Chiang CW, Chen YC, Lu JC, Hsiao YT, Chang CW, Huang PC, Chang YT, Chang PY, Wang CT - PLoS ONE (2012)

Bottom Line: Subsequent live Ca(2+) imaging was used to monitor the effects of these molecular perturbations on wave-associated spontaneous Ca(2+) transients.We found that targeted expression of Syt I C2A or C2B mutants in SACs significantly reduced the frequency, duration, and amplitude of wave-associated Ca(2+) transients, suggesting that both C2 domains regulate wave temporal properties.In contrast, these C2 mutants had relatively minor effects on pairwise correlations over distance for wave-associated Ca(2+) transients.

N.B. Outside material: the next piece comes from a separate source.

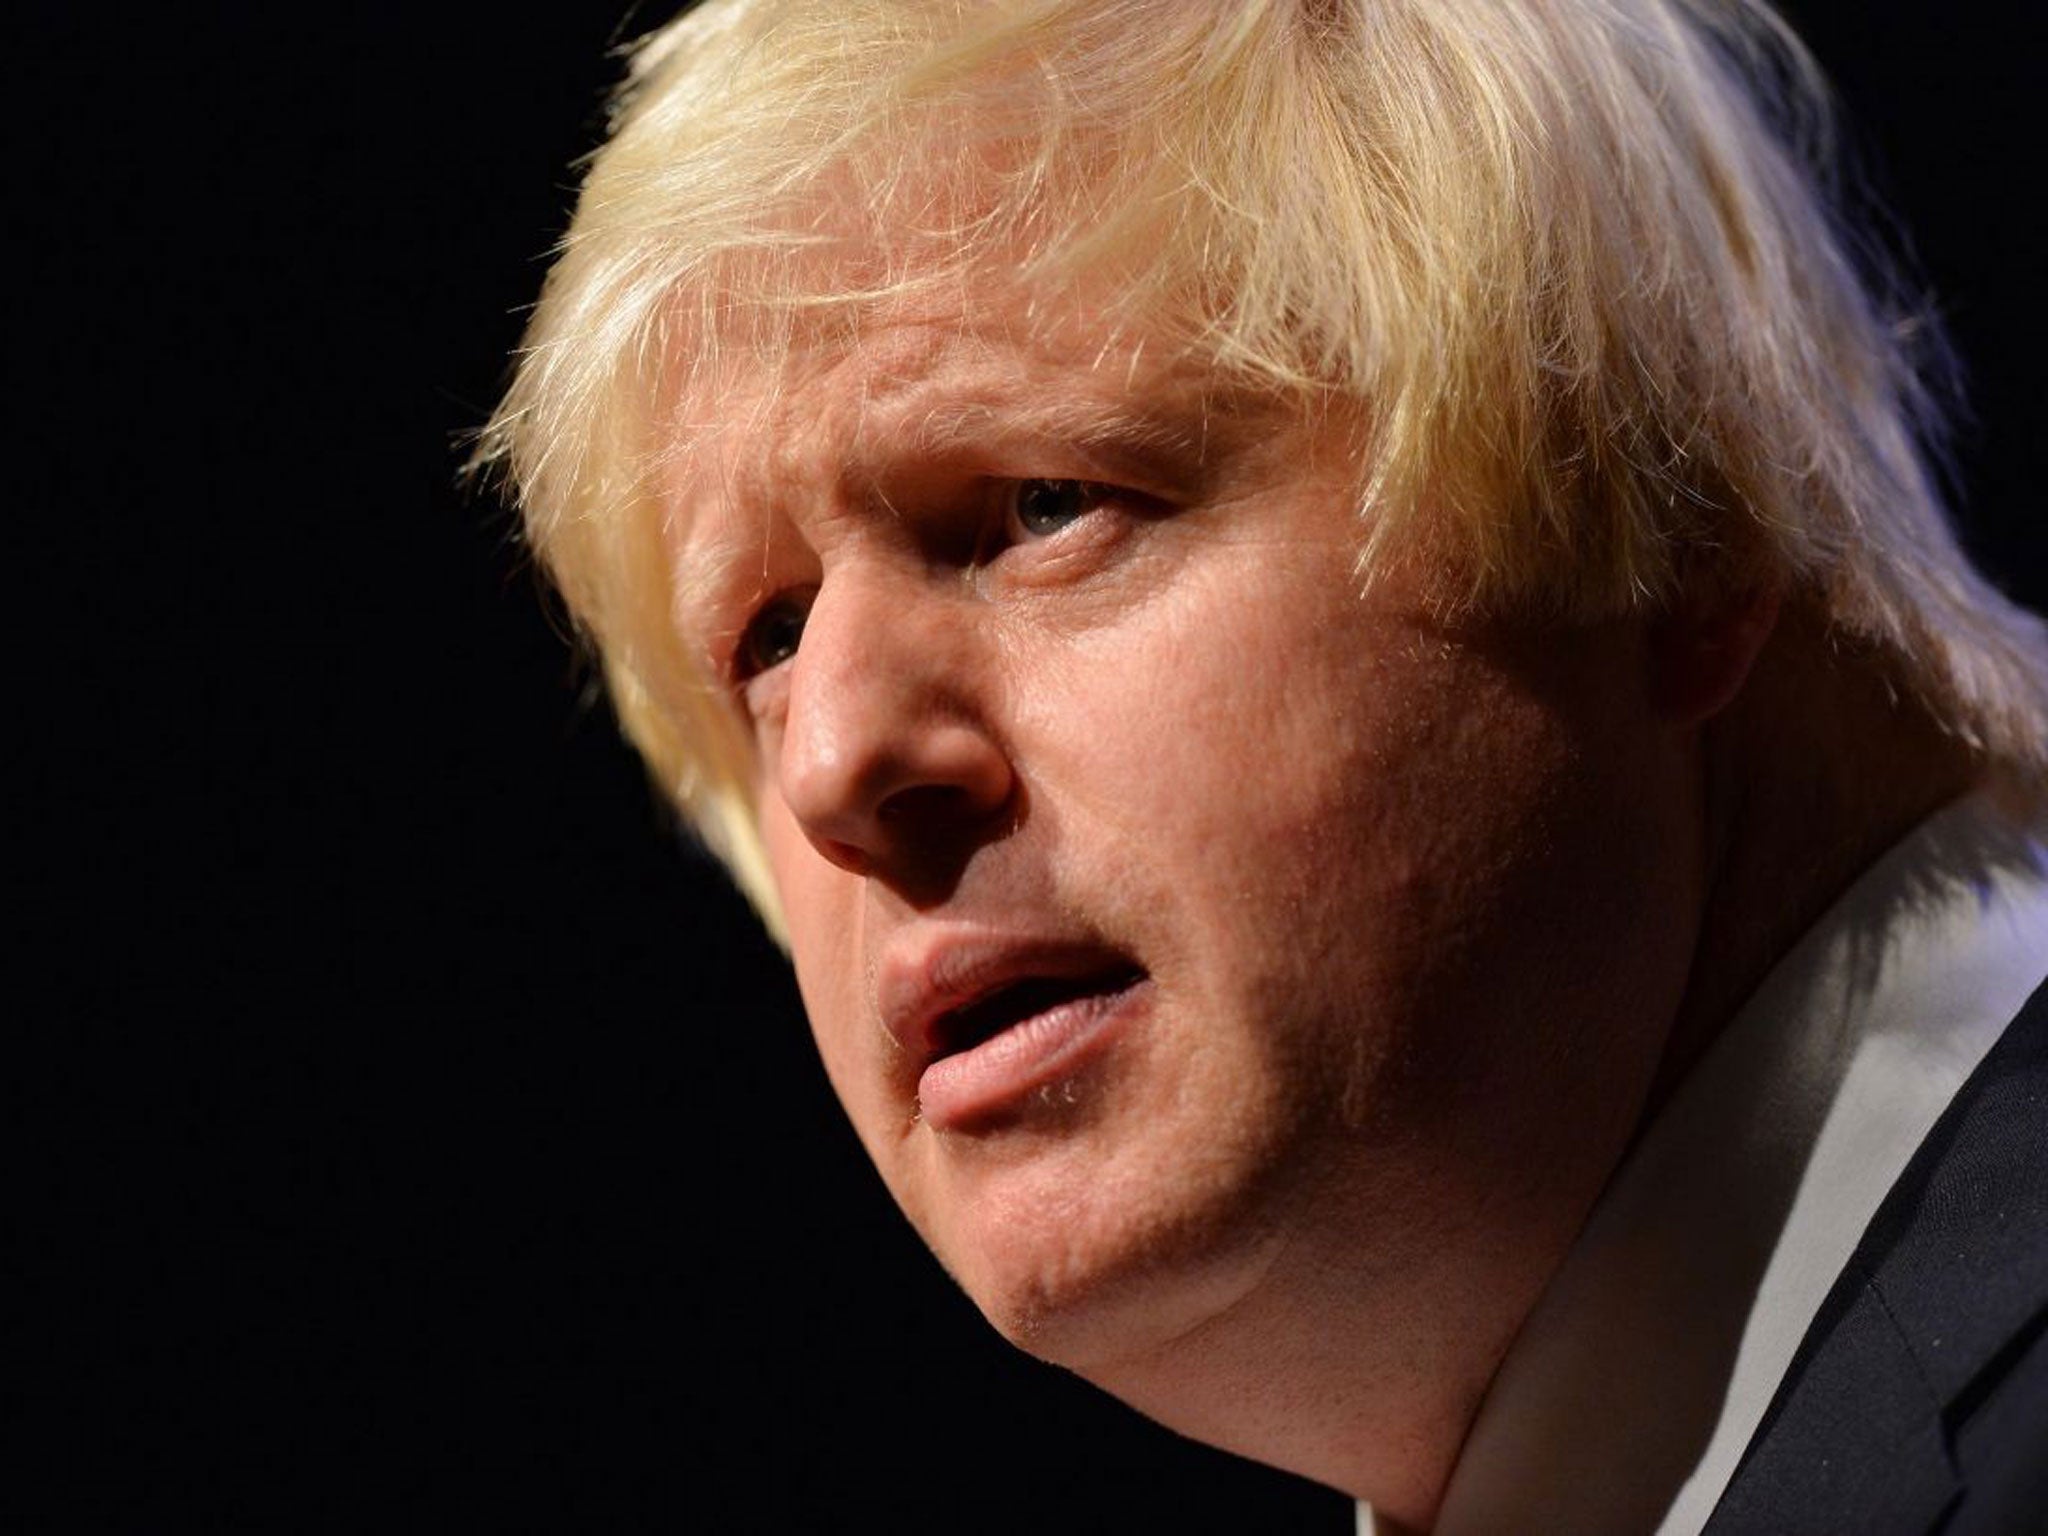 London Mayor Boris Johnson says people should stop 'bashing' the super-rich

View Article: PubMed Central - PubMed

Affiliation: Institute of Molecular and Cellular Biology, National Taiwan University, Taipei, Taiwan.

ABSTRACT

Background: In neonatal binocular animals, the developing retina displays patterned spontaneous activity termed retinal waves, which are initiated by a single class of interneurons (starburst amacrine cells, SACs) that release neurotransmitters. Although SACs are shown to regulate wave dynamics, little is known regarding how altering the proteins involved in neurotransmitter release may affect wave dynamics. Synaptotagmin (Syt) family harbors two Ca(2+)-binding domains (C2A and C2B) which serve as Ca(2+) sensors in neurotransmitter release. However, it remains unclear whether SACs express any specific Syt isoform mediating retinal waves. Moreover, it is unknown how Ca(2+) binding to C2A and C2B of Syt affects wave dynamics. Here, we investigated the expression of Syt I in the neonatal rat retina and examined the roles of C2A and C2B in regulating wave dynamics.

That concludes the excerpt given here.